Material provided

===============

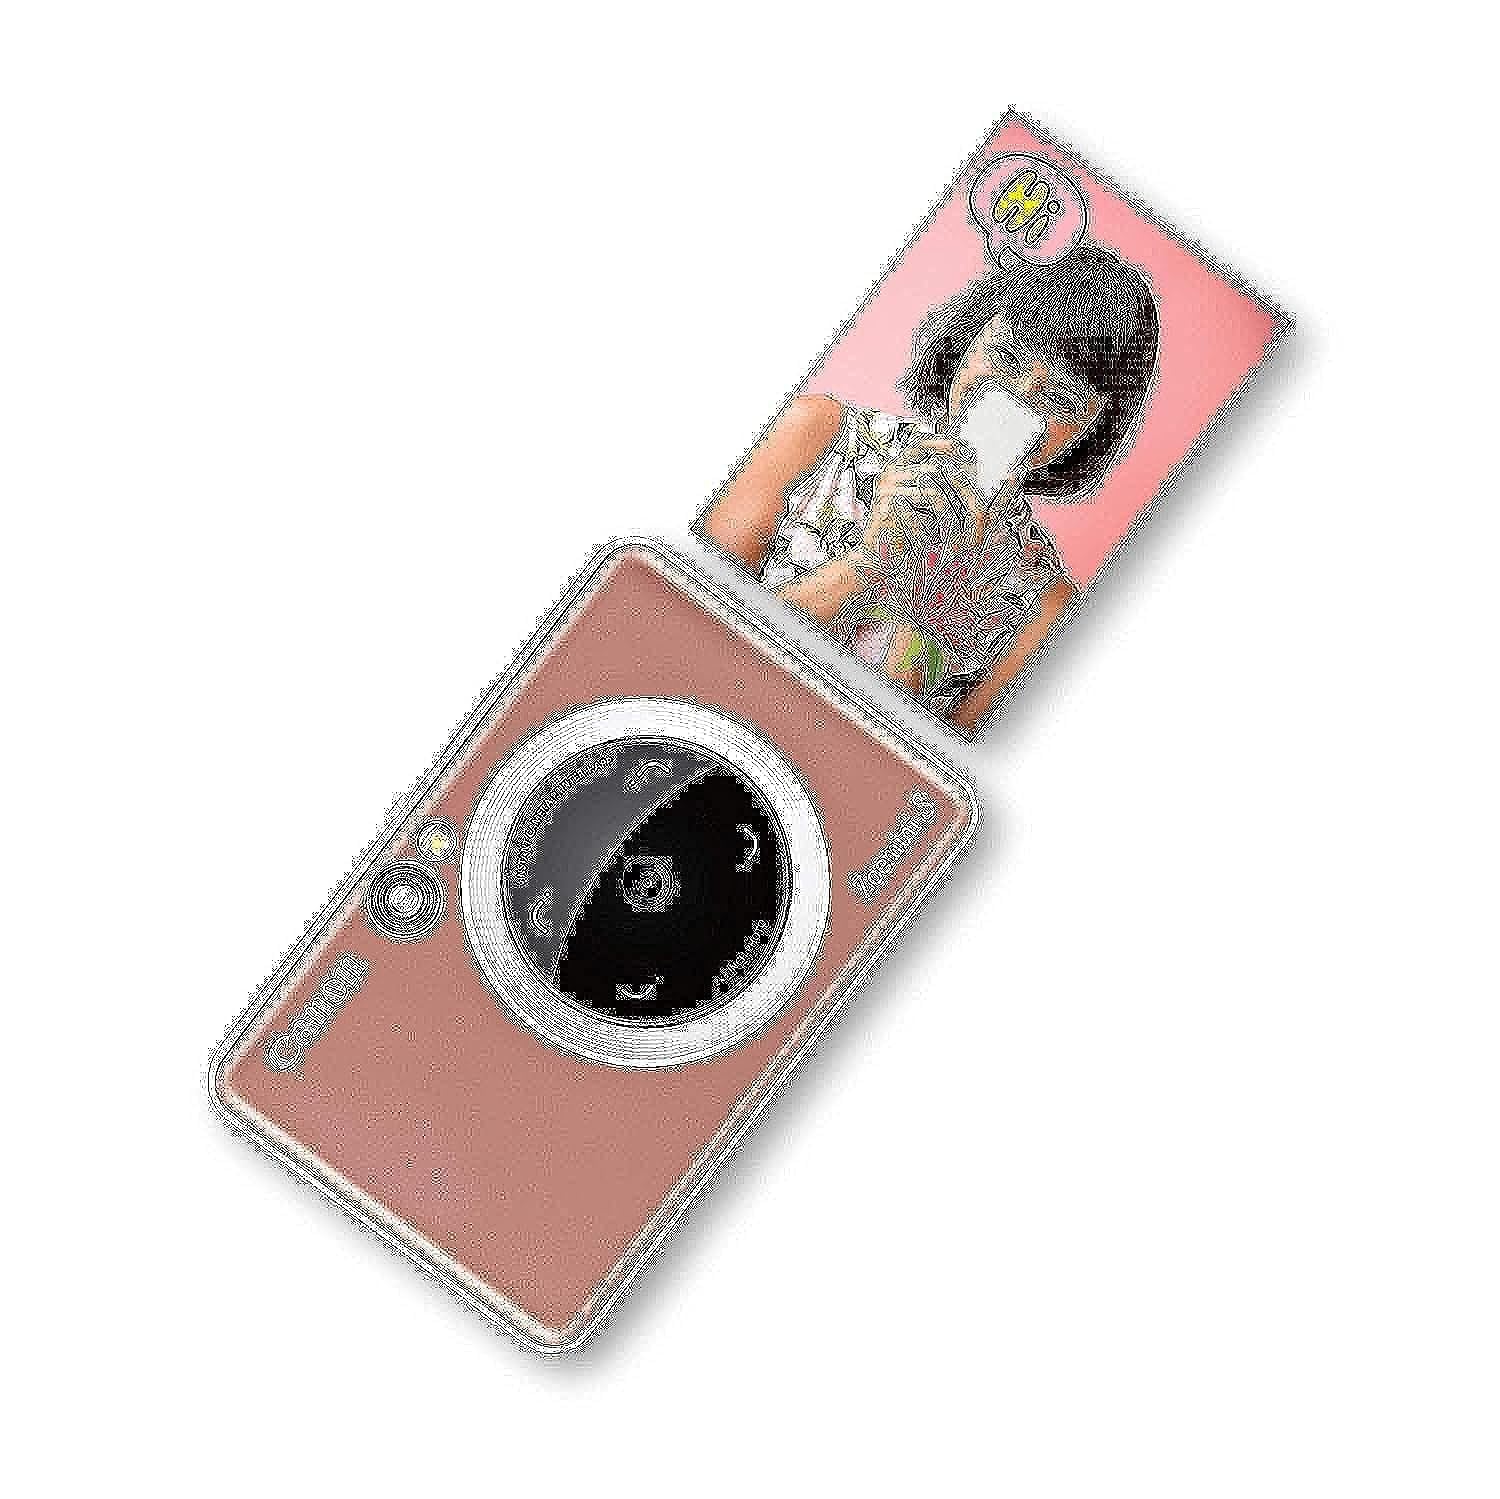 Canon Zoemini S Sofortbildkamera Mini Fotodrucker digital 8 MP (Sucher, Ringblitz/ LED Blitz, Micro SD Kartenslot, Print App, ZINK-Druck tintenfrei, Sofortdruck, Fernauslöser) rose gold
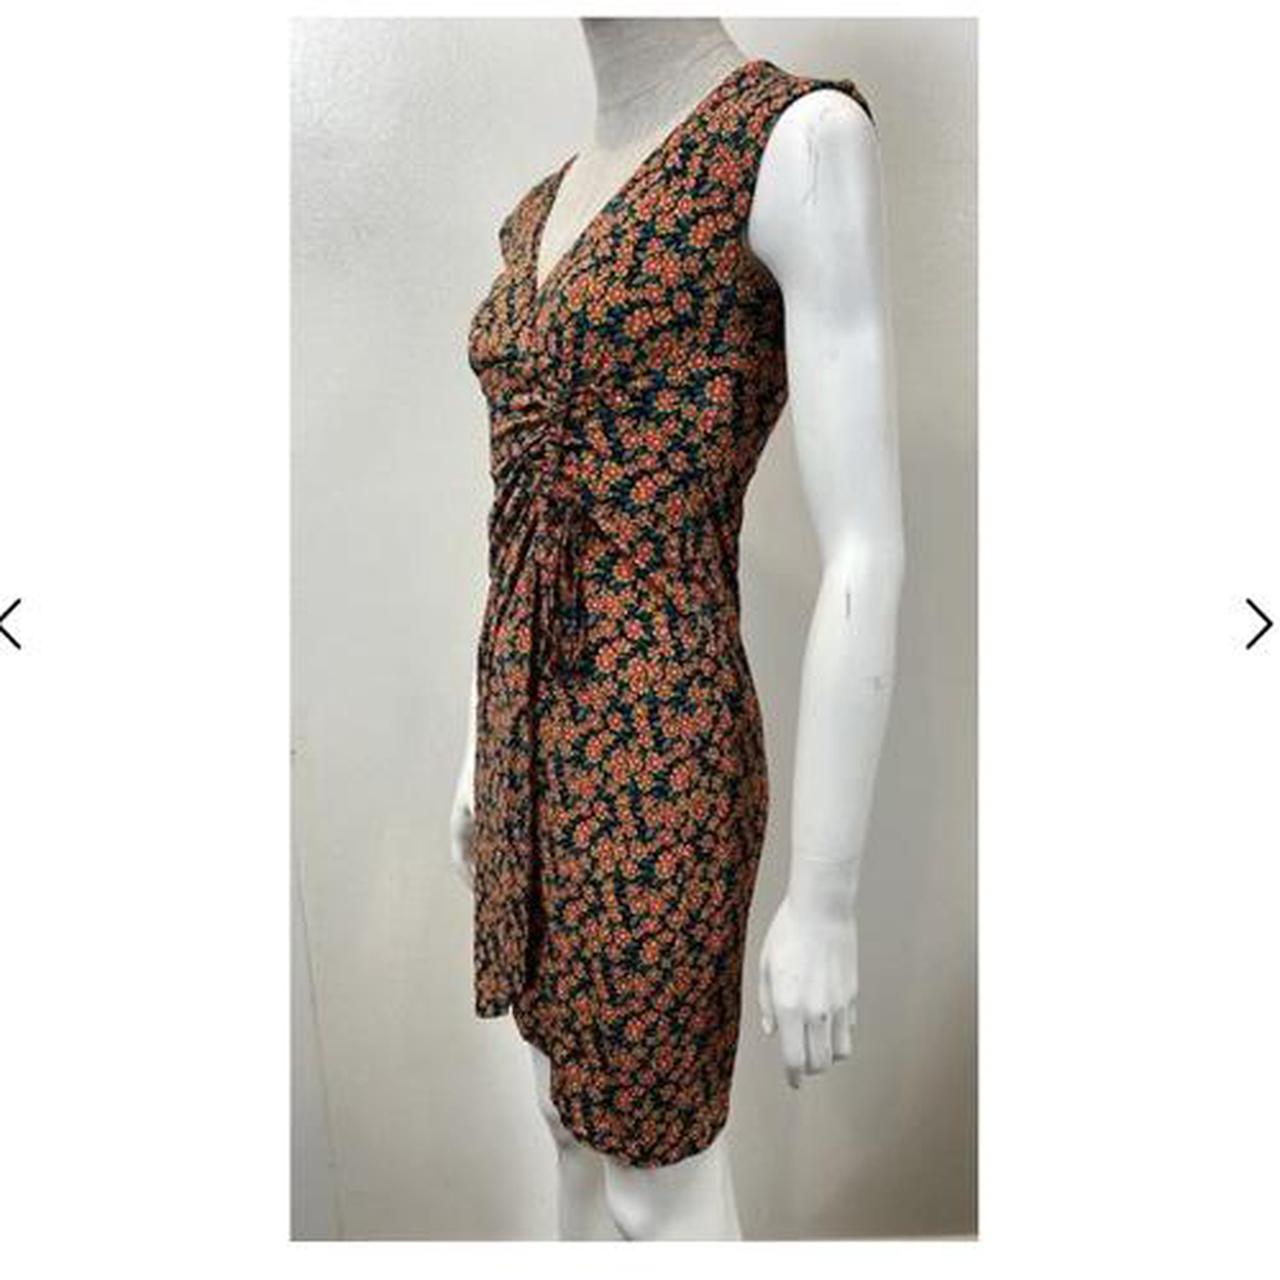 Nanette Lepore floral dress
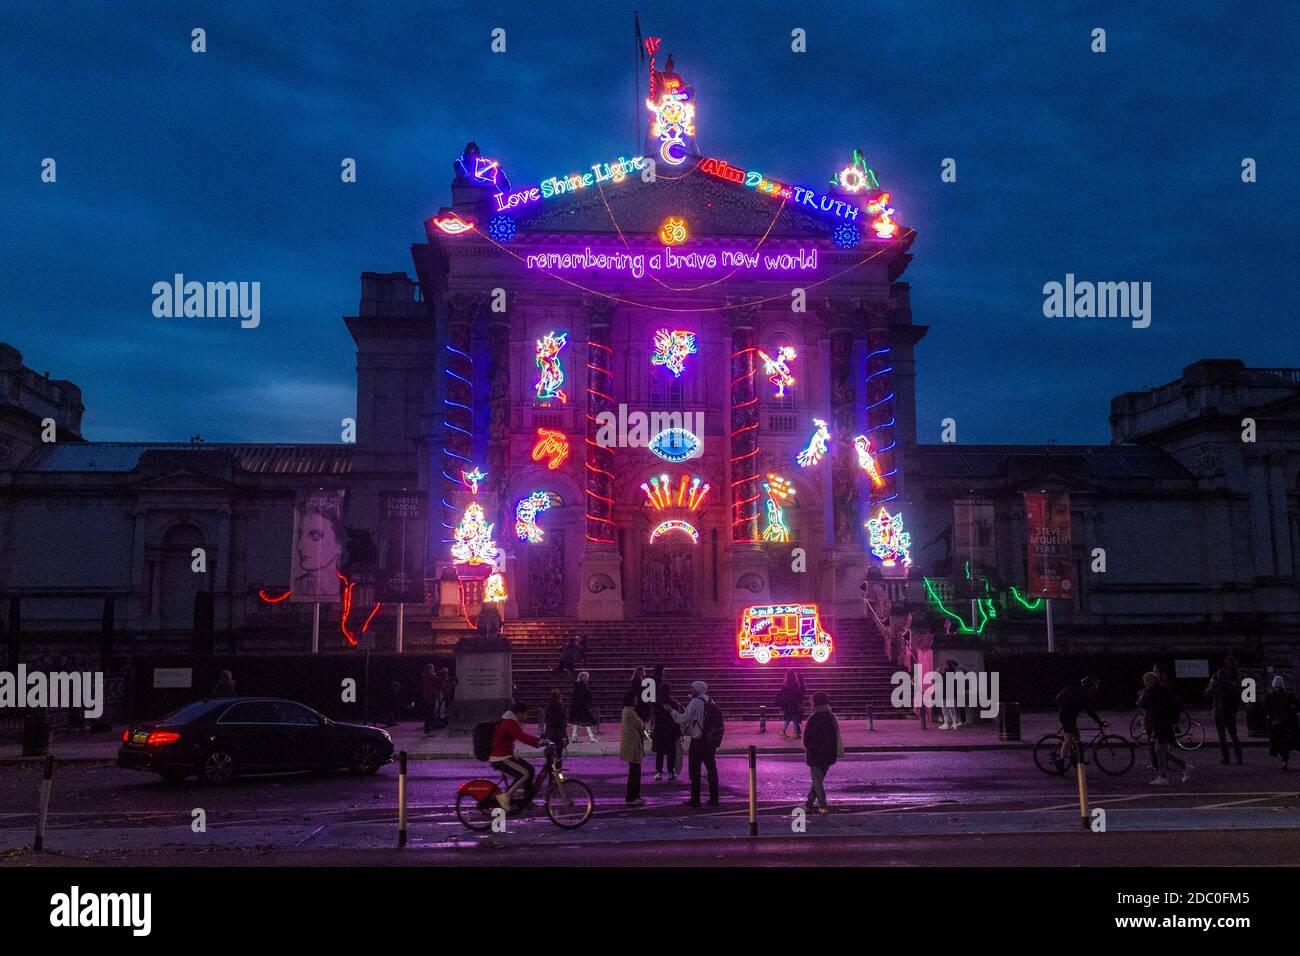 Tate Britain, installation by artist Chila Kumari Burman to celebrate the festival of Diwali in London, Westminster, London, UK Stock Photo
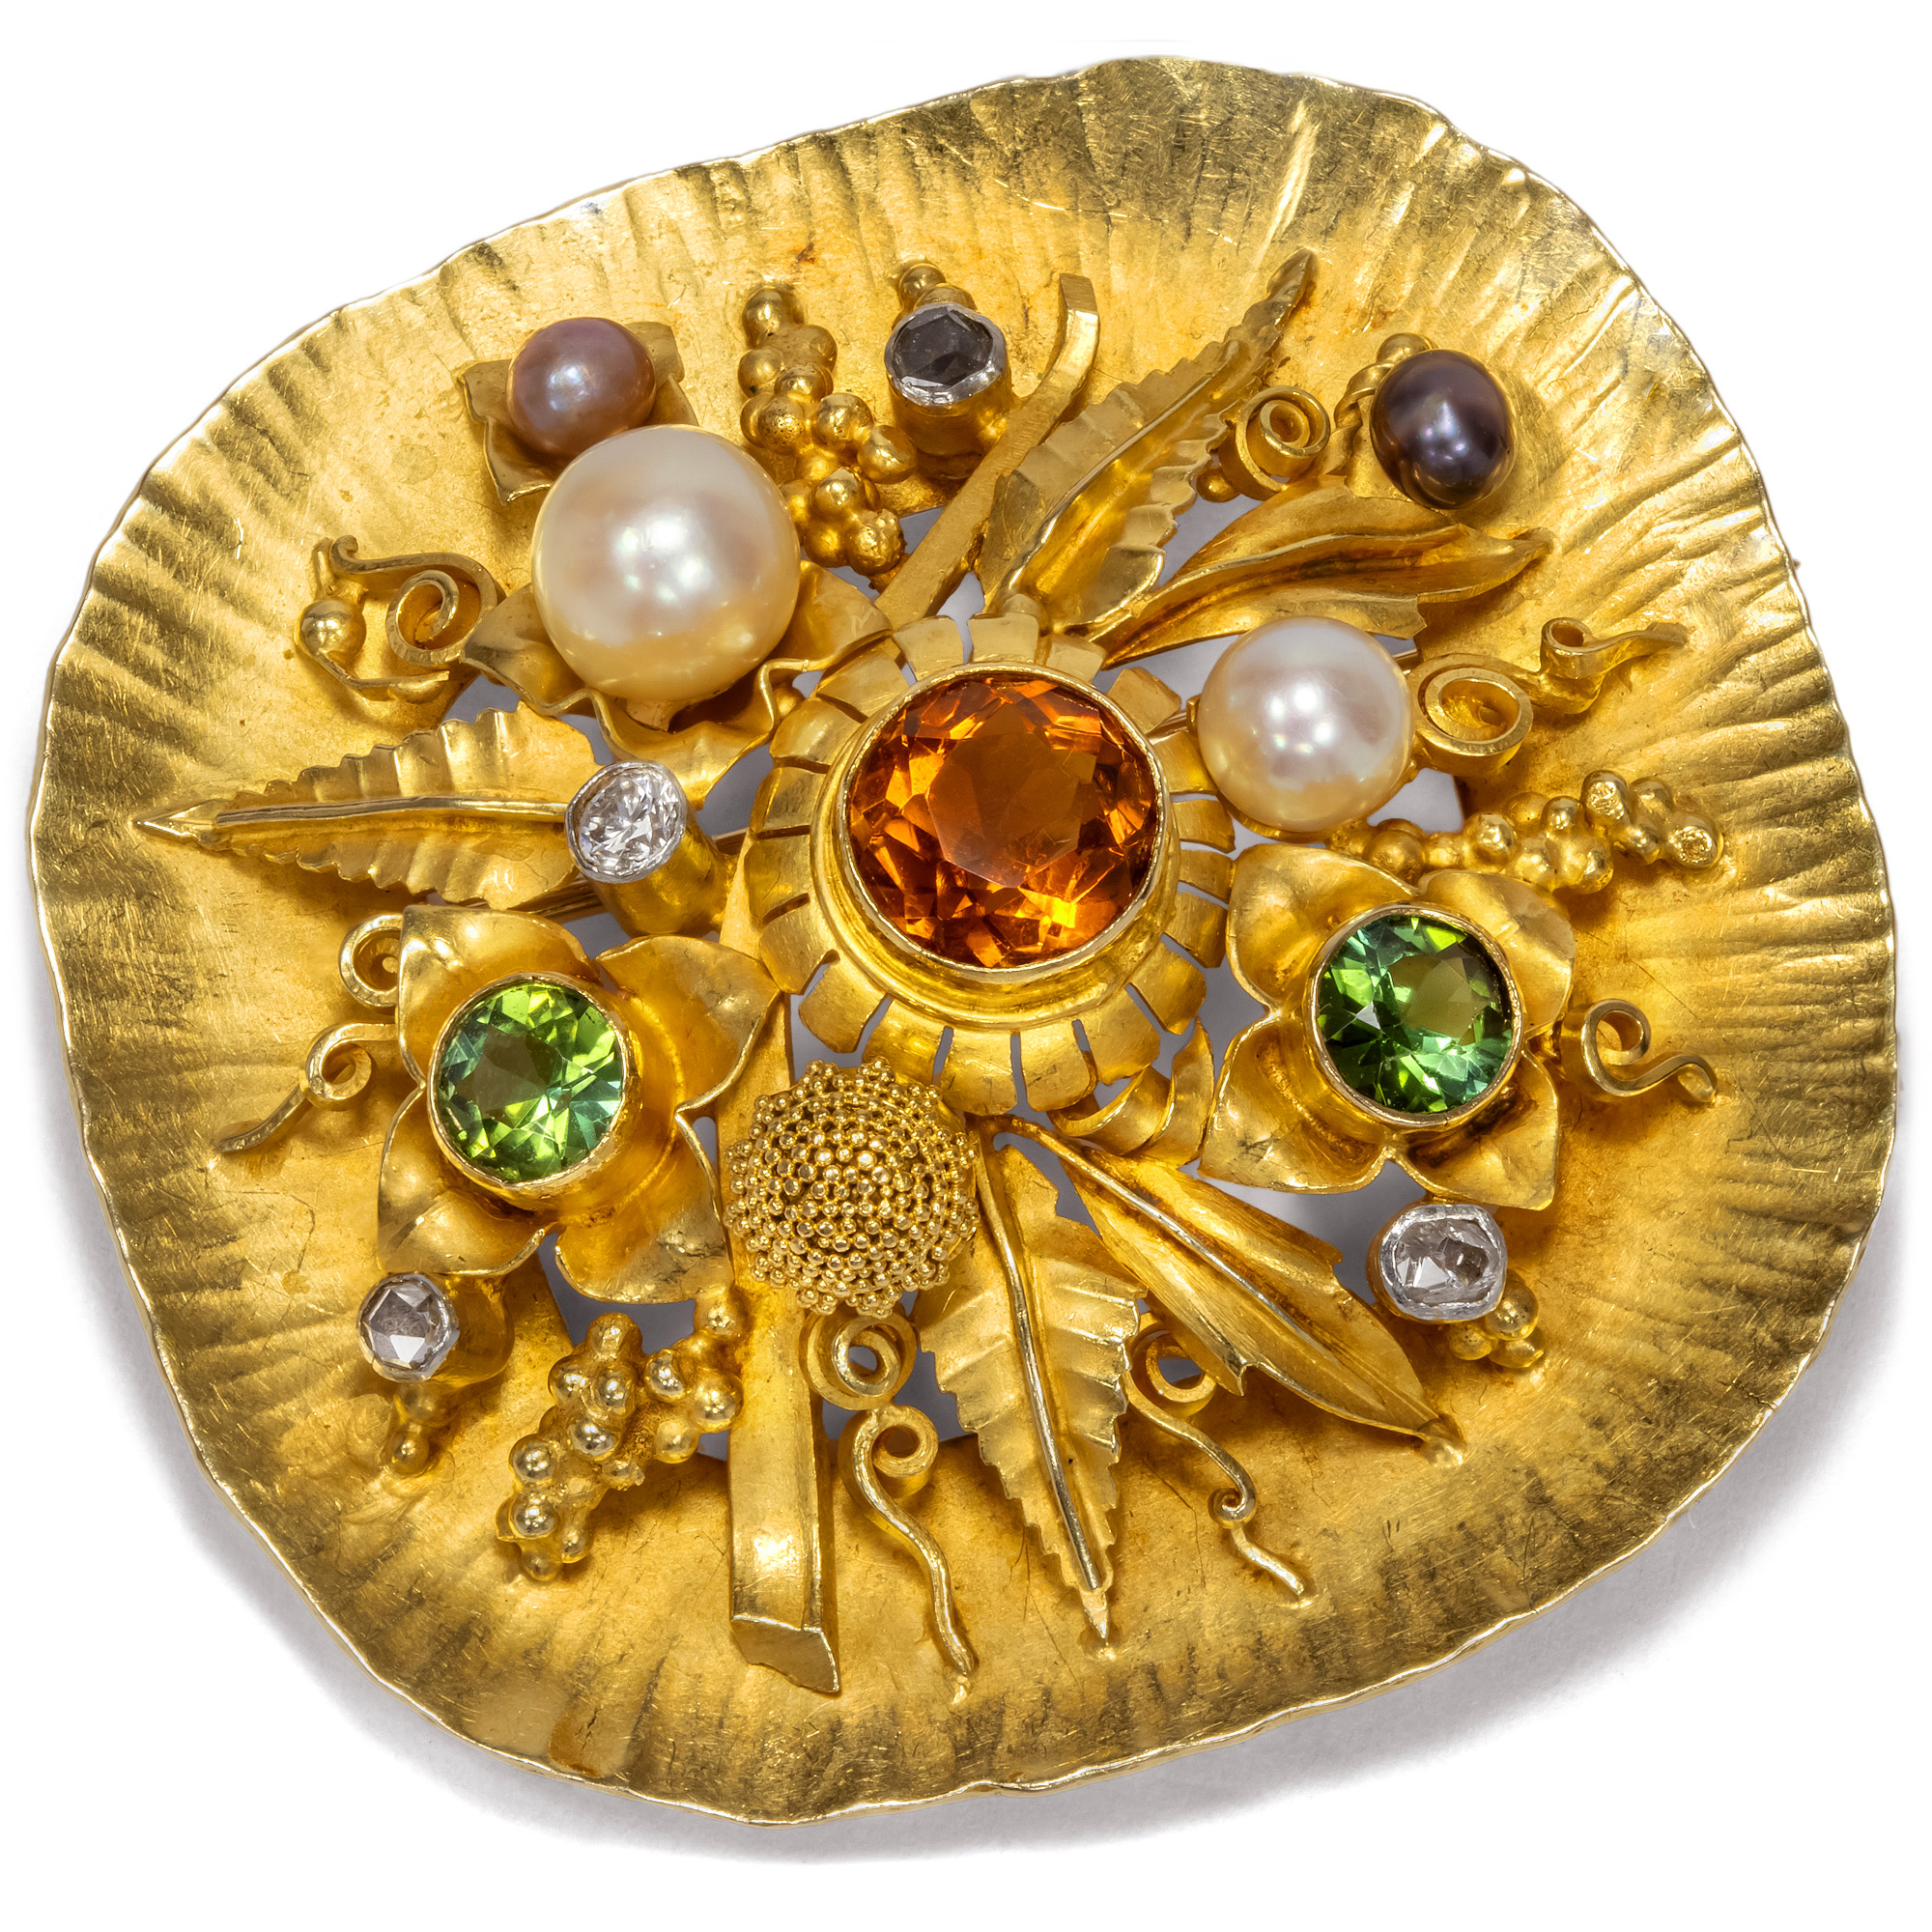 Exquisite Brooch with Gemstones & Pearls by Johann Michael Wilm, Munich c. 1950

===============

What this task involves
Copy the data character for character, but drop all pictures from the copy.

Finished exercise
 Canon Zoemini S Sofortbildkamera Mini Fotodrucker digital 8 MP (Sucher, Ringblitz/ LED Blitz, Micro SD Kartenslot, Print App, ZINK-Druck tintenfrei, Sofortdruck, Fernauslöser) rose gold
 Nanette Lepore floral dress
 Tate Britain, installation by artist Chila Kumari Burman to celebrate the festival of Diwali in London, Westminster, London, UK Stock Photo
 Exquisite Brooch with Gemstones & Pearls by Johann Michael Wilm, Munich c. 1950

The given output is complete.